I always make a pretty big push to get writing done in the new year. (I got my first rejection of the year this morning!) In honor of that, I thought I might post a few book reviews on some nonfiction writing books. The greatest piece of writing advice, though, is something I was told verbally by Ryan Gattis in his Writing The Novel class at Chapman: In writing, you are not trying to imitate life. You are trying to imitate your memory of life – and the stuff that goes on inside a person as they are living. It’s an internal artform. I think it helps to think about that when you’re deciding which scenes to leave and what to ditch, and where to put the internal dialogue (and why you have to have internal dialogue).
These four book have also helped me GREATLY toward sharpening my skills. Not just in actually writing, but also in learning to weather the pitfalls of Self that all creative endeavors uncover. I am learning more and more, though, that there really is no teacher like experience. Write a ton, and your writing will get better.
But in the absence of writing, there is reading about writing:
Aspects of the Novel, by EM Forster: I guess this book is fairly cliché these days for writing students. Or so says the website I was just on. But having never been exposed to Forster’s essays before, I was floored. He just outlines the decisions you’re making, and the deliberateness with which you have to see everything when you’re writing a novel, in a way that was totally new to me. I learned buckets, and still swear that I need to go back and read it again. It made writing a novel seem like a craft, and not like flailing around in sentences until you hit something that works. Particularly eye-opening were the passages about windows, and the passages about flat characters vs. round characters.
On Writing: 10th Anniversary Edition: A Memoir of the Craft, by Stephen King: the book is ½ memoir, and ½ writing tutorial. It’s interesting, funny, and it has much good advice tucked between the pages. I felt just a bit better about my own trials knowing that he had a stake on the wall to pin all his many rejection letters to, and to know that he was a starving English professor before Carrie was optioned in paperback. It was encouraging to hear that even Stephen King, the most prolific of writers, can have a life crisis that would make him stop writing for a while. And better still to know that writers return to their craft, even if it takes a while. His thoughts on scene description, adverbs, and editing have stuck with me. Perhaps my favorite section is the bit of writing he includes before edits, and after edits. It’s fascinating. Because of the structure of the book, it’s easy to get through. Even the instruction part feels like there’s a caring professor coaching you through it.

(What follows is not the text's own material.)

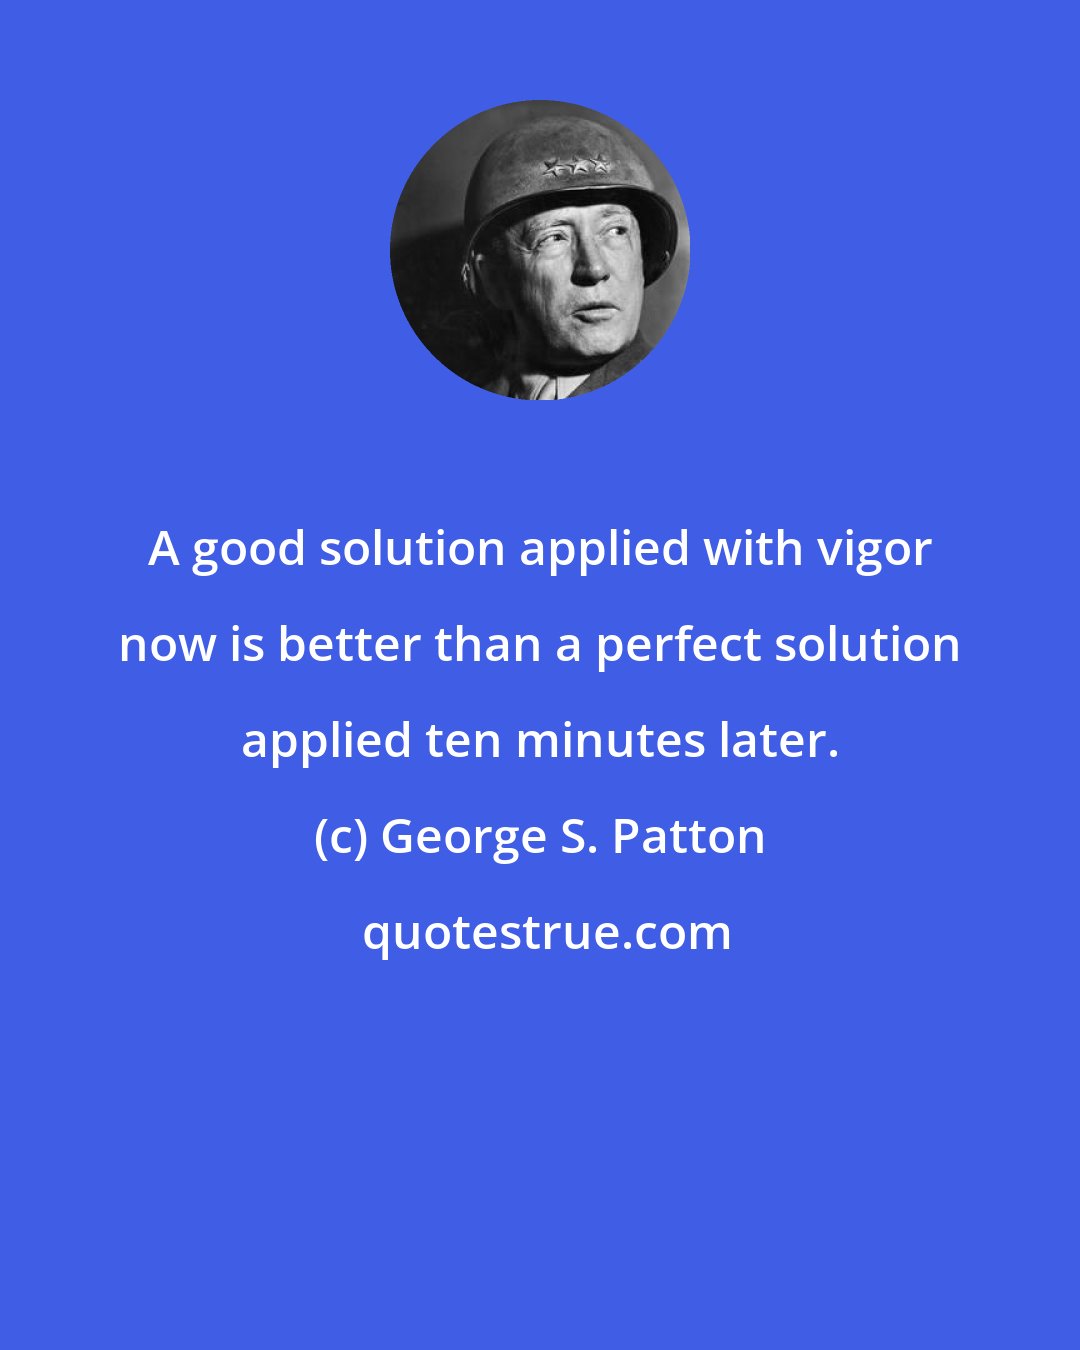 George S. Patton: A good solution applied with vigor now is better than a perfect solution applied ten minutes later.
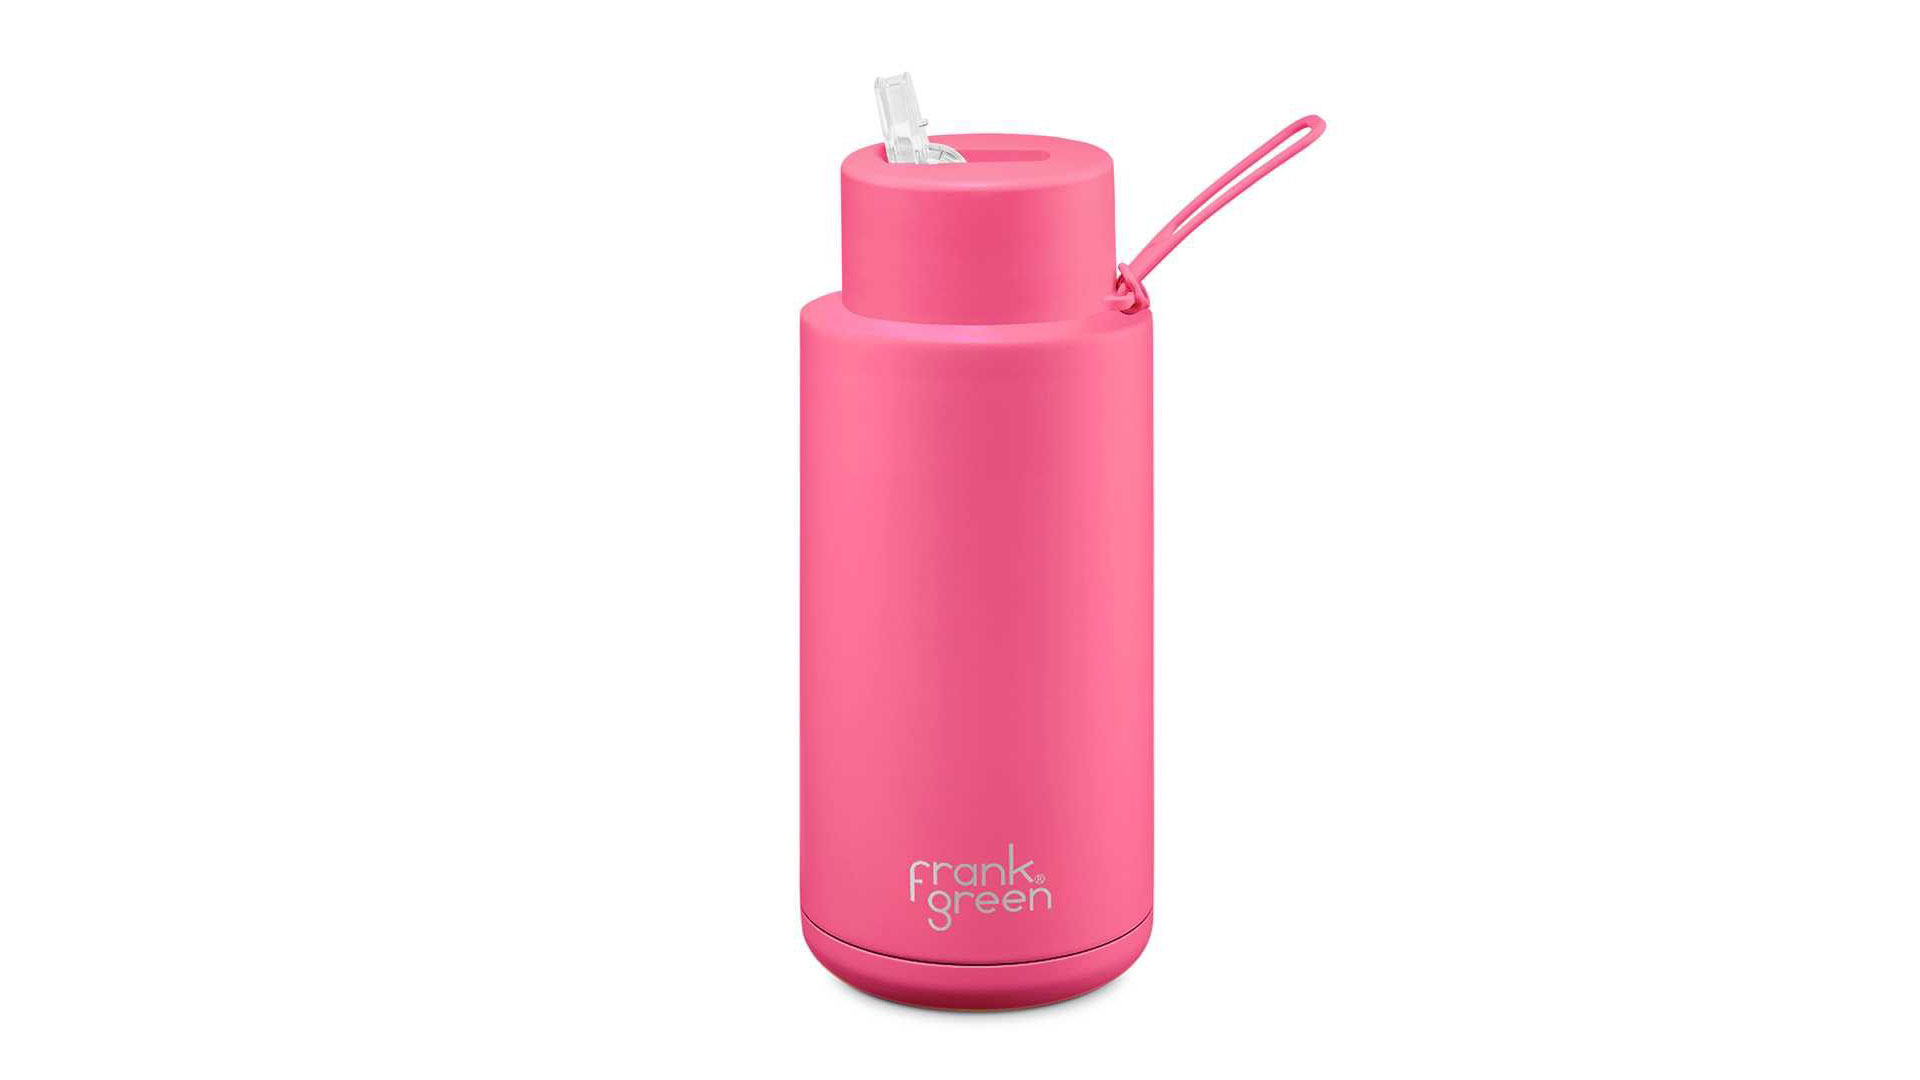 A pink Frank Green water bottle on a white background.

On Writing Well, 30th Anniversary Edition: The Classic Guide to Writing Nonfiction, by William Zinsser: I heard once that you could teach someone the rules of writing in about 2 weeks if you had the time. It’s the pacing, the punctuation, the finding your voice that takes the longest, the years of writing. This book is that “rules of writing” crash course, and it gives you tips on how to maximize your use of language at the same time. It’s also written well, with clarity, and is easy to get through. It’s not tied to genre or anything, either, so it’s a good all-around guide. Even if you feel like you already know the rules of writing, I guarantee you will learn something by reading this book, or be told stuff you’ve forgotten.
Bird by Bird: Some Instructions on Writing and Life, by Anne Lamott: Another part-memoir, although this one is mostly writing advice. The book is also a writing student cliché, of the worst kind. But hear it out. It’s a cliché for a reason (the reason is, it’s good). I do not know why or how, but for some reason this book was balm for my crazy-writer soul. She outlines all the neuroticism, the certainty that you’re failing, the daily struggle with yourself you have to navigate, and somehow makes it all seem funny. Not just funny, but cathartic. She’s nuts, in every way. But you’re nuts too, and laughing at her feels like you’re laughing at yourself, and suddenly it all seems manageable. Not only that, but it contains a billion good tips for fooling yourself into getting things on paper. And once you’ve learned the rules of writing, that’s your new biggest hurdle: how to get that butt into that chair, and convince your fingers to start typing.
Those are the ones that have stuck with me the longest. Want more? You can’t go wrong with John Gardener’s The Art of Fiction: Notes on Craft for Young Writers or Francine Prose’s Reading Like a Writer: A Guide for People Who Love Books and for Those Who Want to Write Them (P.S.). But I don’t find myself constantly thinking of their content as I write as I do with the above 4.